Wrocławskie ceny nowych lokali są co prawda niższe niż w Warszawie (7700/mkw.), Krakowie (6500/ mkw.) i Gdańsku (6400 zł), ale na tym samym poziomie, co w Poznaniu i wyższe od pozostałych miast regionalnych. Jeśli chodzi o rynek wtórny - wg danych NBP przeciętna stawka to 5500 zł/ mkw. Od końca 2013 r. zanotowano wzrost o niecałe 500 zł na metrze kwadratowym.
Wrocław jest miastem z umiarkowanym wpływem programu MDM. Wynika to głównie z tego, że limity cenowe Mieszkania dla Młodych były zbyt niskie w stosunku do stawek średnich, by duża liczba nieruchomości mogła być objęta dopłatami.

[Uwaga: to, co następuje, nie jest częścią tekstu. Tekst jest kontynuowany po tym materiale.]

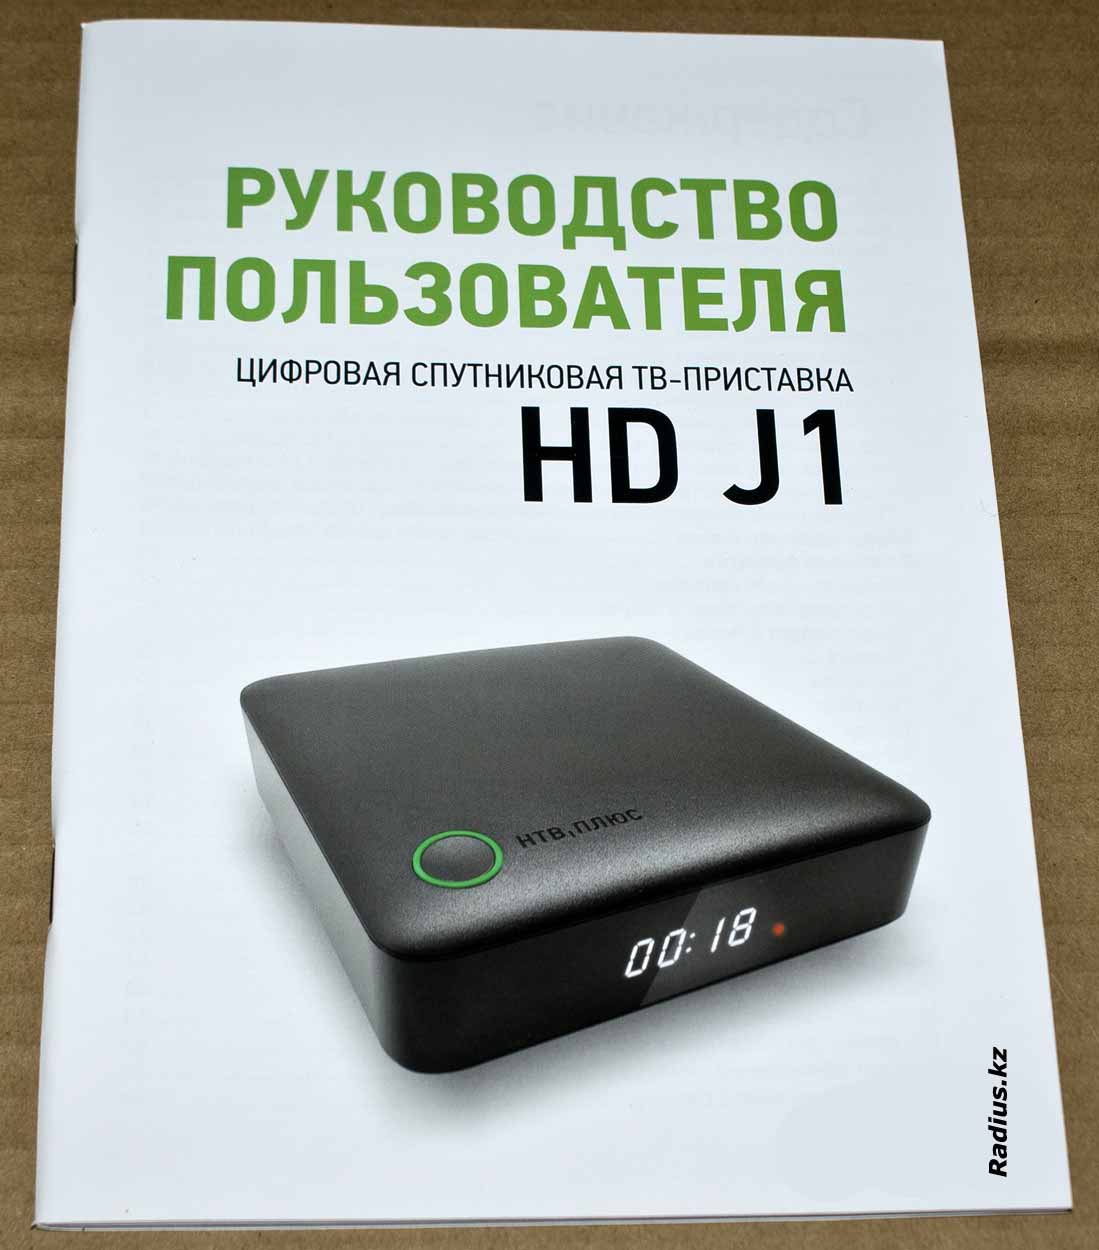 НТВ Плюс HD J1 цифровая ТВ-приставка руководство пользователя

- Z naszych danych wynika, że warunki cenowe programu na rynku pierwotnym spełniało około 15 proc. mieszkań, na rynku wtórnym odsetek ten był jeszcze niższy i wynosił nie więcej niż 10 proc. Kupujący, poszukujący mieszkań w MDM byli skazani na zakup w dalszych, peryferyjnych rejonach miasta, które co prawda szybko się rozbudowują. Mowa o takich osiedlach, jak m.in. Stabłowice, Jagodno, Sołtysowice, Księże Małe, Psie Pole – komentuje Leszek Michniak.
Ogólna koniunktura na rynku najmu
Rynek najmu mieszkań cieszy się obecnie sporym zainteresowaniem inwestorów. Śmiało można zaryzykować stwierdzenie, że to w dużym stopniu on „odpowiada” za bardzo dobrą koniunkturę na rynku pierwotnym. Przypomnijmy, że w zeszłym roku deweloperzy sprzedali w największych miastach ponad 60 tys. mieszkań, co było wynikiem o 20 proc. lepszym niż rok wcześniej.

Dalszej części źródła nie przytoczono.